24. The video coding device of claim 13, wherein the video coder is configured to determine that the reference picture is no longer usable for inter-prediction without coding syntax elements that define a manner in which the reference picture should be determined to be no longer usable for inter-prediction.

25. A computer-readable storage medium comprising instructions that cause one or more processors to:

code a picture with reference to one or more reference pictures stored in a decoded picture buffer (DPB);

determine a temporal level value of the coded picture;

identify a set of reference pictures from the reference pictures stored in the DPB, each of which is currently indicated as usable for inter-prediction and has a temporal level value equal to or greater than the temporal level value of the coded picture;

determine that a coding order of a reference picture in the set of reference pictures is earlier than a coding order of any other reference pictures in the set of reference pictures; and

determine that the reference picture is no longer usable for inter-prediction.

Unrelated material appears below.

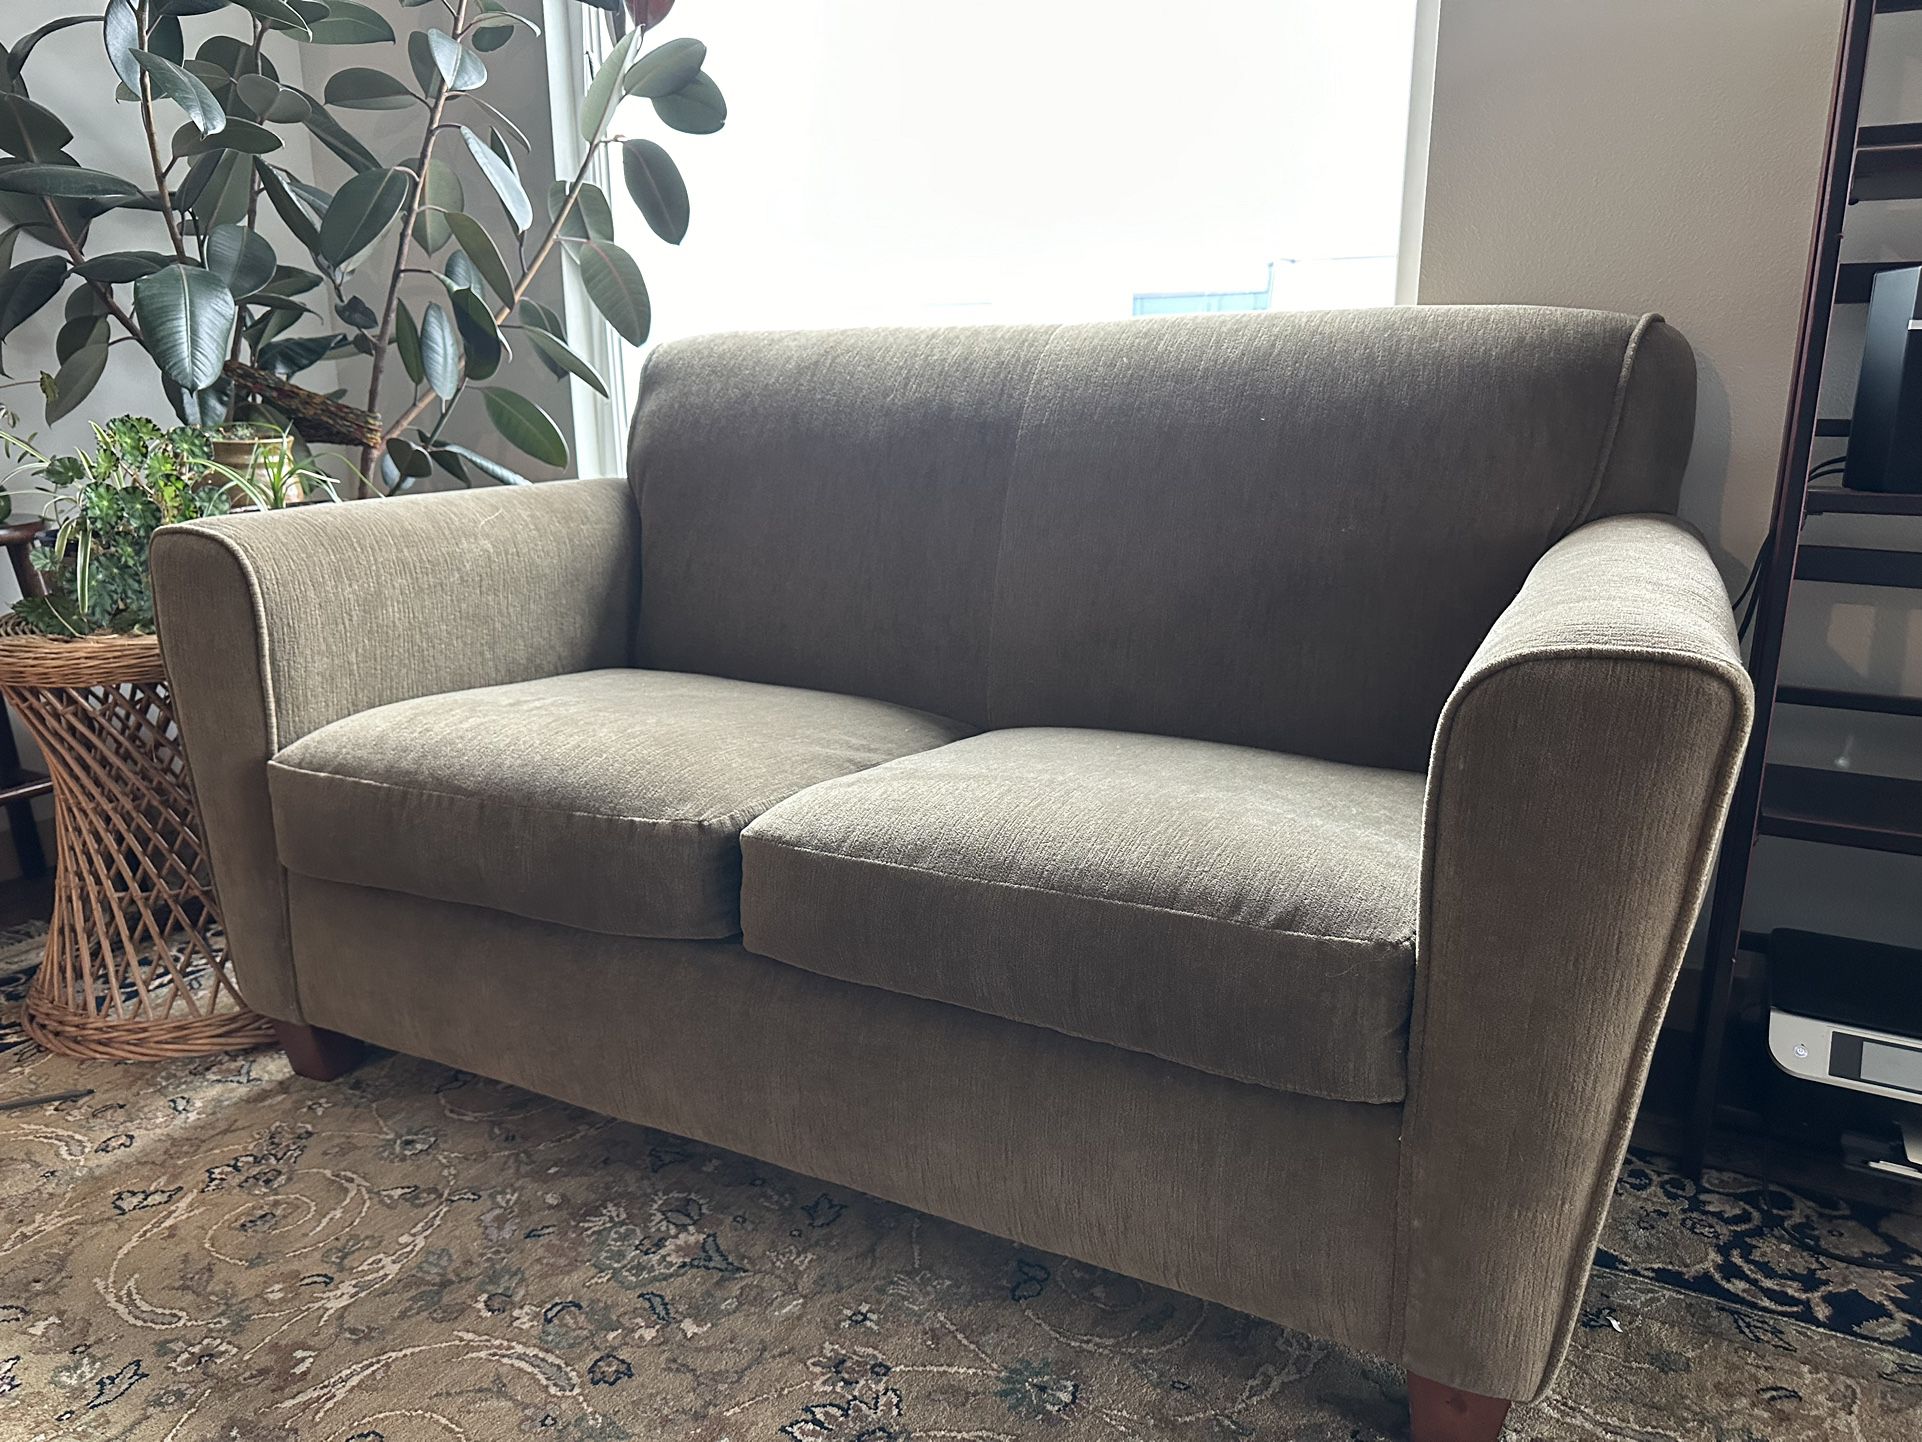 Two Matching Loveseats - Clean, Comfy, Quality

26. The computer-readable storage medium of claim 25, further comprising instructions that cause the one or more processors to:

mark the reference picture as no longer usable for inter-prediction when it is determined that the reference picture is no longer usable for inter-prediction;

indicate that the coded picture is usable for inter-prediction when it is determined that the reference picture is no longer usable for inter-prediction; and

add the coded picture into the DPB.

27. The computer-readable storage medium of claim 25, wherein the instructions that cause the one or more processors to determine that the coding order of the reference picture is earlier than the coding order of any other reference pictures comprise instructions that cause the one or more processors to determine that a picture number value of the reference picture is less than a picture number value of any other reference pictures in the set of reference pictures.

28. The computer-readable storage medium of claim 25, wherein the instructions that cause the one or more processors to determine that the reference picture is no longer usable for inter-prediction comprise instructions that cause the one or more processors to determine that the reference picture is no longer usable for inter-prediction when a total number of reference pictures indicated as usable for inter-prediction equals a threshold value (M).

29. The computer-readable storage medium of claim 25, wherein the instructions that cause the one or more processors to determine that the reference picture is no longer usable for inter-prediction comprise instructions that cause the one or more processors to determine that a short-term reference picture is no longer usable for inter-prediction.

30. A video coding device comprising:

a decoded picture buffer configured to store reference pictures that are currently indicated as usable for inter-prediction;

means for coding a picture with reference to one or more reference pictures stored in the DPB;

means for determining a temporal level value of the coded picture;

means for identifying a set of reference pictures from the reference pictures stored in the DPB, each of which is currently indicated as usable for inter-prediction and has a temporal level value equal to or greater than the temporal level value of the coded picture;

means for determining that a coding order of a reference picture in the set of reference pictures is earlier than a coding order of any other reference pictures in the set of reference pictures; and

means for determining that the reference picture is no longer usable for inter-prediction.

31. The video coding device of claim 30, wherein the means for determining that the coding order of the reference picture is earlier than the coding order of any other reference pictures comprises means for determining that a picture number value of the reference picture is less than a picture number value of any other reference pictures in the set of reference pictures.

32. The video coding device of claim 30, wherein the means for determining that the reference picture is no longer usable for inter-prediction comprises means for determining that the reference picture is no longer usable for inter-prediction when a total number of reference pictures indicated as usable for inter-prediction equals a threshold value (M).